8. Tests: Cover the key scenarios — quiescence exit on rejection, STFU re-proposal when pending action exists, holding cell freeing, and misbehaving peer detection.

No issues found.

[jkczyz]

Note that we'll now abort an in-progress RBF if the counterparty misbehaves by sending us tx_init_rbf. The spec isn't really clear on what to do here. There's a similar case in validate_splice_init where we'll disconnect if we already have a pending splice (even if negotiation is still in progress). The spec does indicate this should be done. So maybe both of these are fine?

[jkczyz]

Rebased

[wpaulino]

Hm I'm not sure we want to use this since the debug assertions there are reachable, but the mark_response_received call makes me realize we may need to do this elsewhere to avoid an unintentional disconnect (maybe write a test to confirm?).

[jkczyz]

Hm I'm not sure we want to use this since the debug assertions there are reachable,

The fixup commit makes sure that we don't return ChannelError::Abort until we know we are quiescent, so I think those asserts are unreachable from here?

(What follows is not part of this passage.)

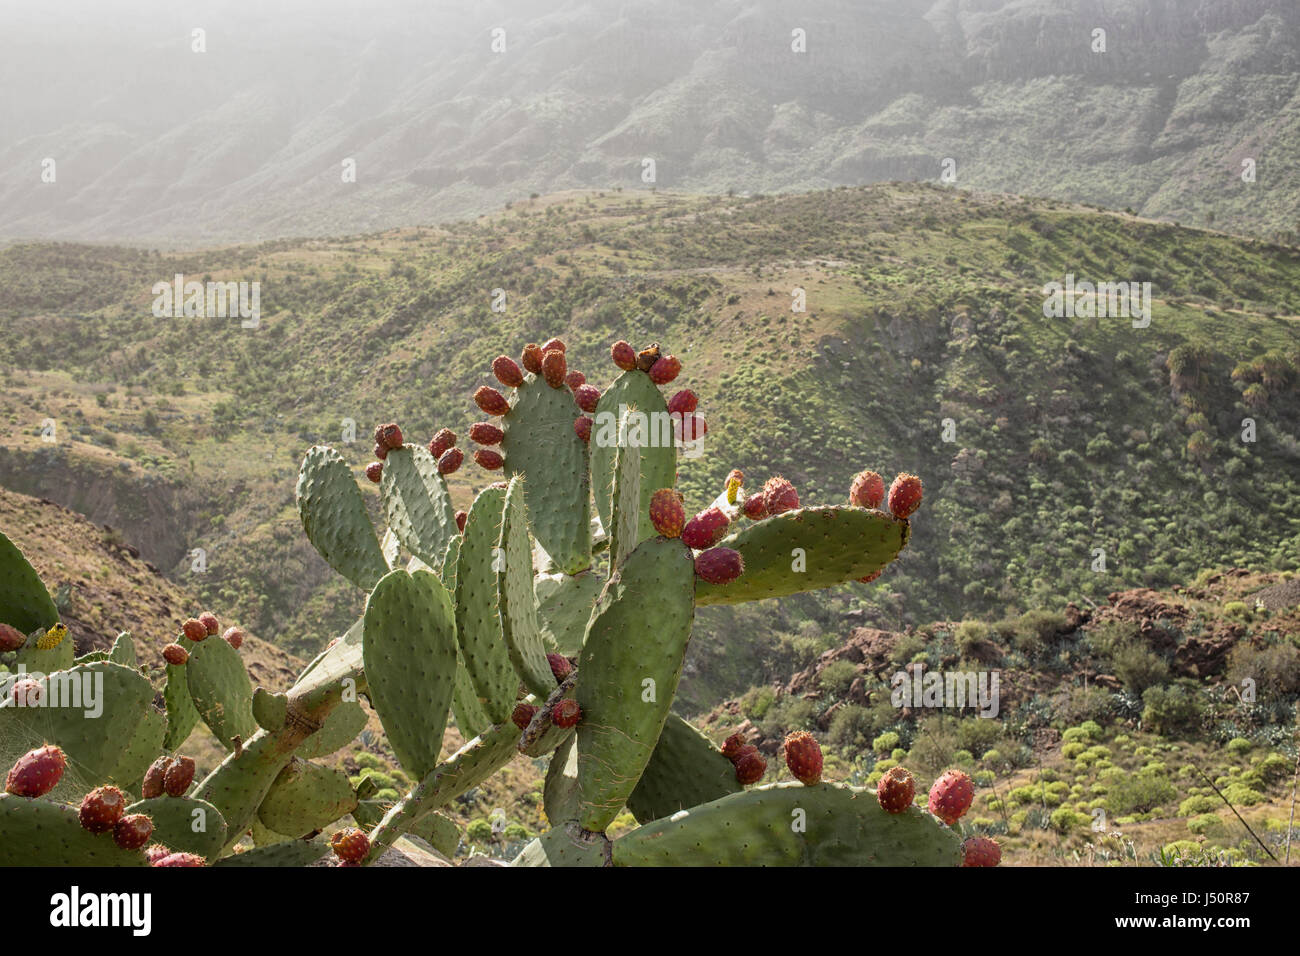 chumbera nopal cactus plant with red flowers Stock Photo

but the mark_response_received call makes me realize we may need to do this elsewhere to avoid an unintentional disconnect (maybe write a test to confirm?).

Like when processing splice_init, splice_ack, tx_init_rbf, tx_ack_rbf, or interactive-tx messages?

One thing I noticed when exploring this as since we don't have a FundedChannel for v2 establishment, we use UNFUNDED_CHANNEL_AGE_LIMIT_TICKS to timeout instead. So updating sent_message_awaiting_response on the ChannelContext has no effect there. We'd effectively have two different mechanisms for timing out. Are we ok with that? Or should we try to use the UNFUNDED_CHANNEL_AGE_LIMIT_TICKS for splice funding, too?

[wpaulino]

We should include a payment such that the outbound HTLC gets sent out after the abort as a result of freeing the holding cell.